# DSL Modem/ WiFi Router: How to only use WiFi?



## Charlie Fingers (Nov 28, 2007)

I have a Westell VersaLink 327W DSL modem/ WiFi router that I thought I could use for a WiFi LAN around my house. The only thing is that I have AllTell DSL through a Speedstream 5200 DSL modem already and would just like to use the WiFi part of the Westell.

Can this be done?

If so, could someone walk me through it?:4-dontkno


----------



## johnwill (Sep 26, 2002)

Connecting two SOHO broadband routers together.

Configure the IP address of the secondary router to be in the same subnet as the primary router, but out of the range of the DHCP server in the primary router. For instance DHCP server addresses 192.168.0.2 through 192.168.0.100, I'd assign the secondary router 192.168.0.254 as it's IP address.

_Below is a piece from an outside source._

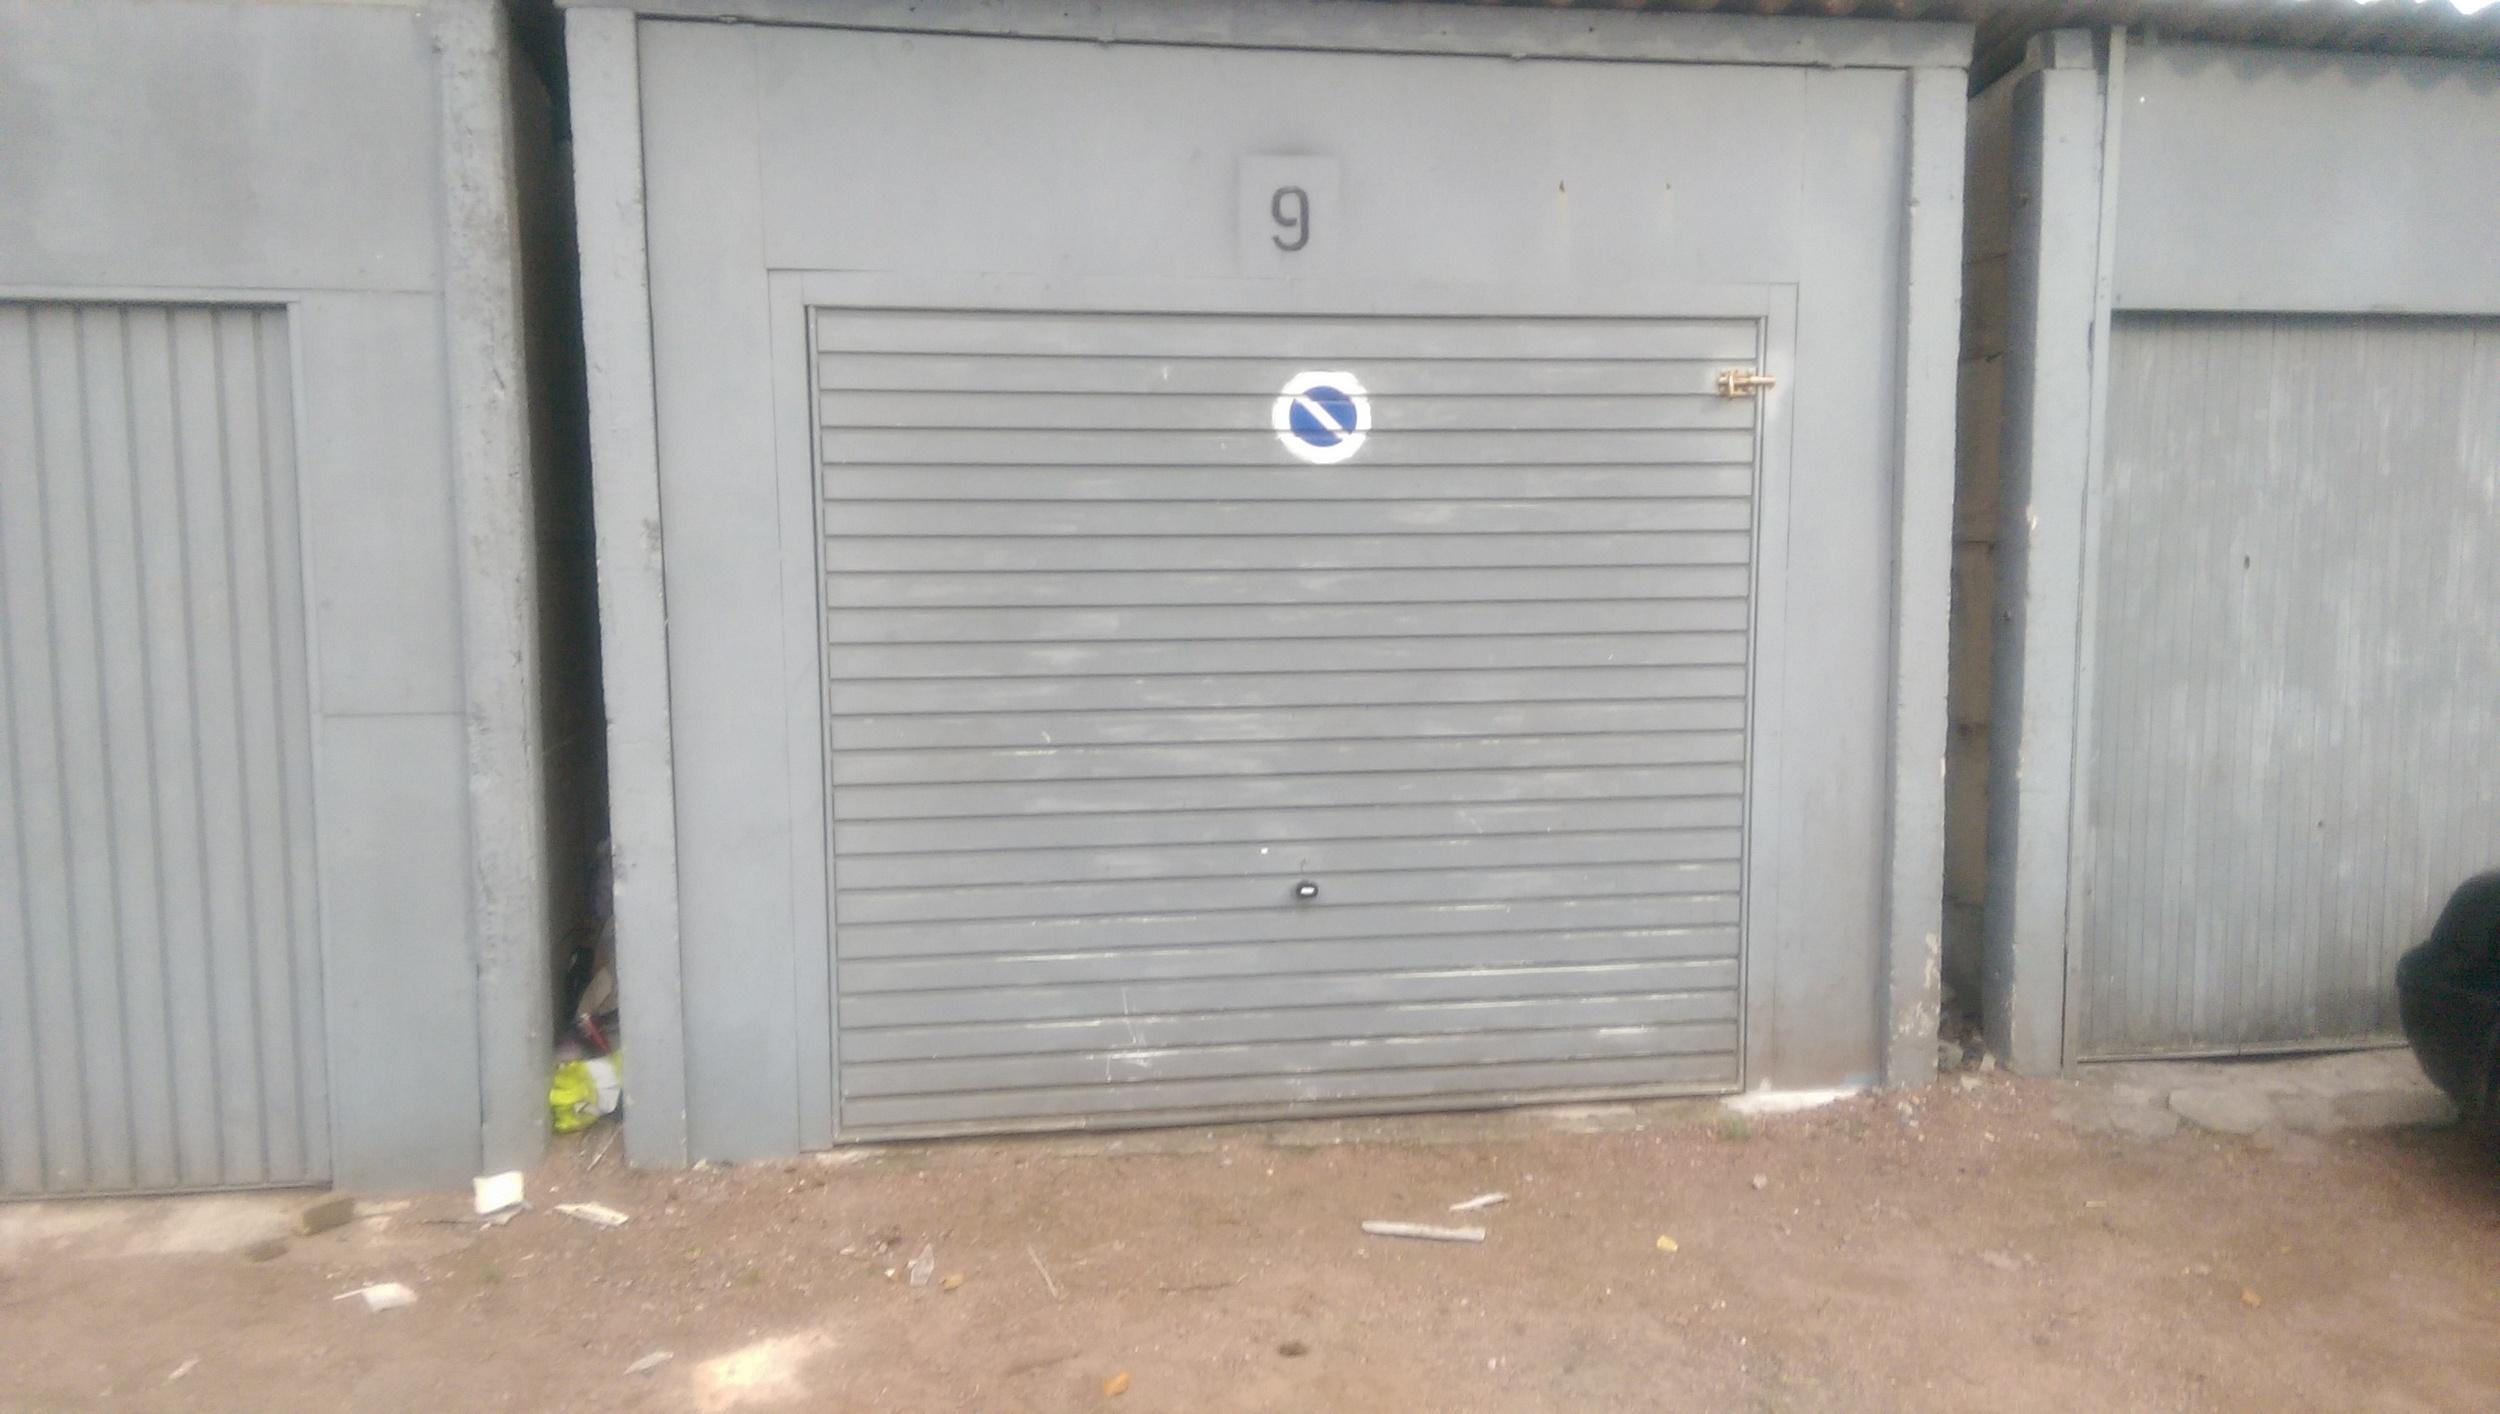 vente parking/box Quiévrechain Quiévrechain 59920

_*Note: Do this first, as you will have to reboot the computer to connect to the router again for the remaining changes.*_

Disable the DHCP server in the secondary router.

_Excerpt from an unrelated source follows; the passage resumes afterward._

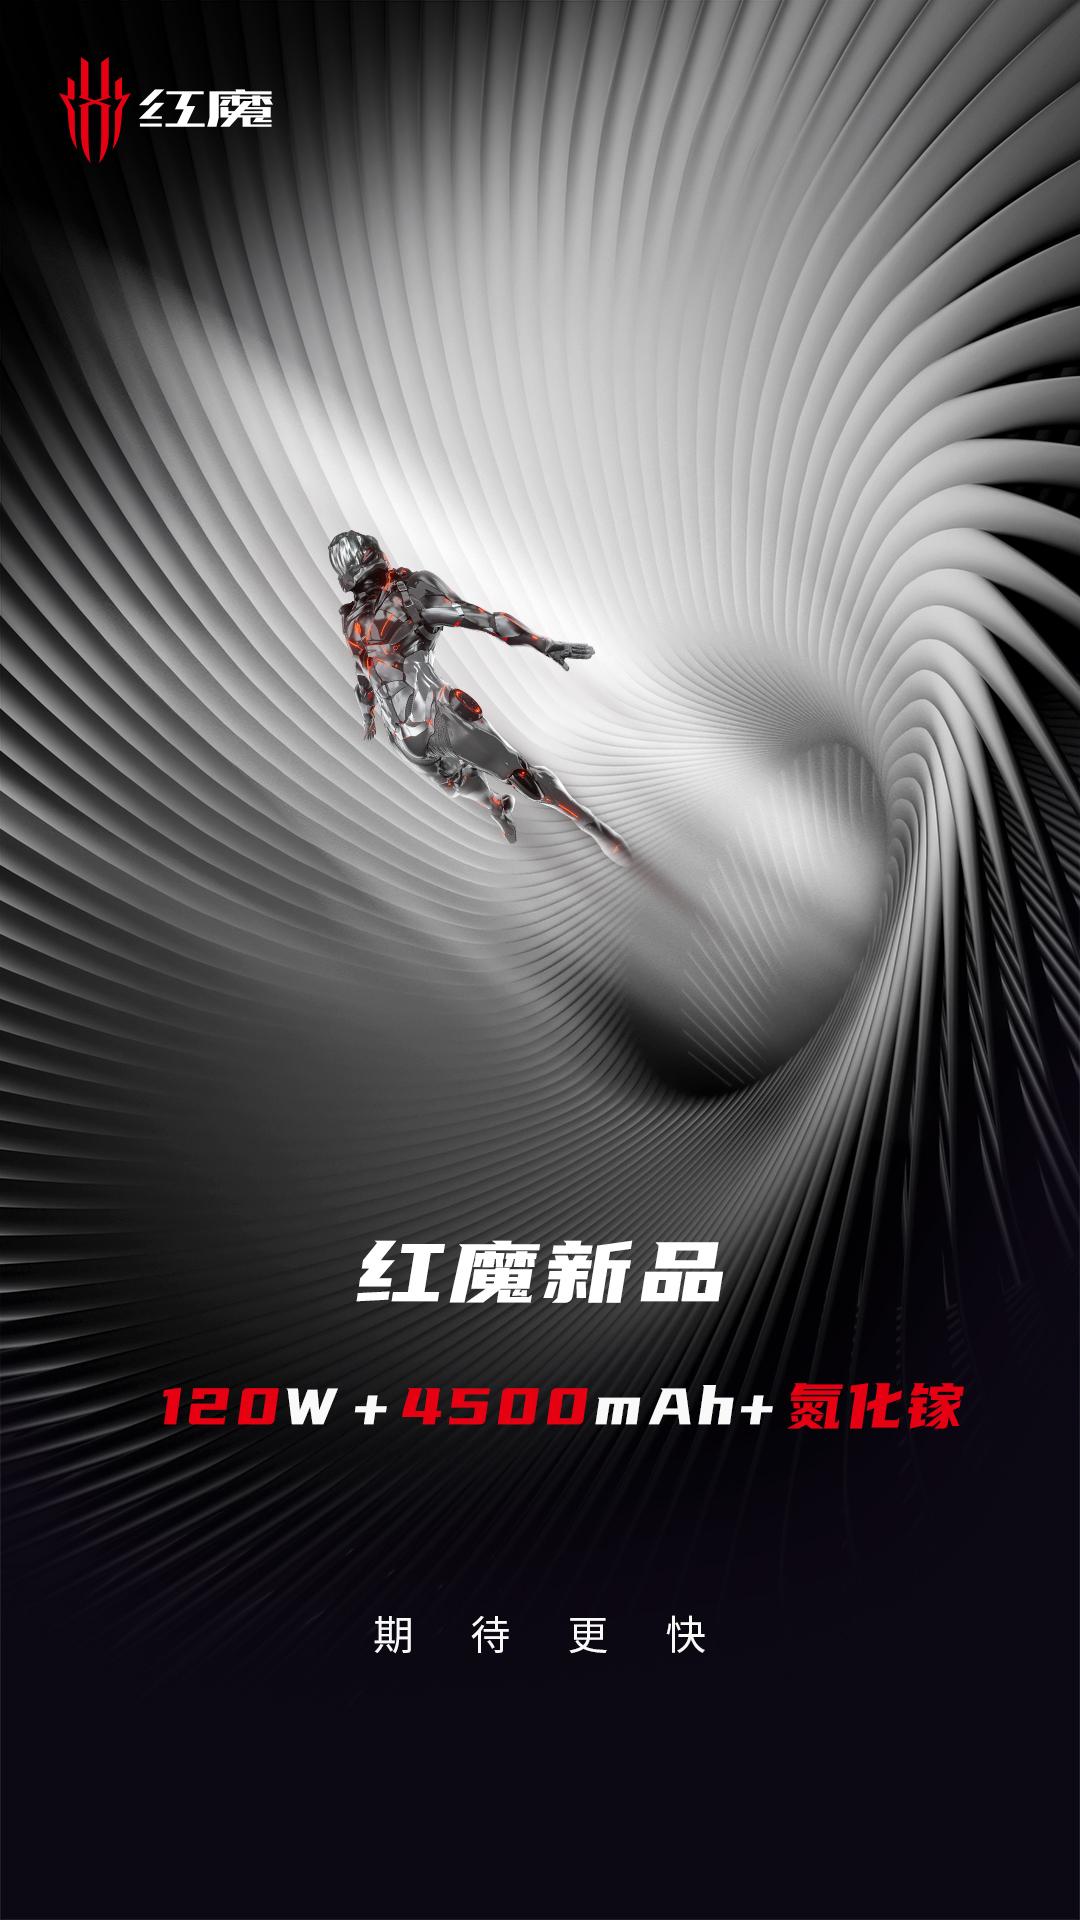 红魔6预热 4500mAh+120W+氮化镓

Setup the wireless section just the way you would if it was the primary router, channels, encryption, etc.

Connect from the primary router's LAN port to one of the LAN ports on the secondary router. If there is no uplink port and neither of the routers have auto-sensing ports, use a cross-over cable. Leave the WAN port unconnected!

This procedure bypasses the routing function (NAT layer) and configures the router as a switch (or wireless access point for wireless routers).


----------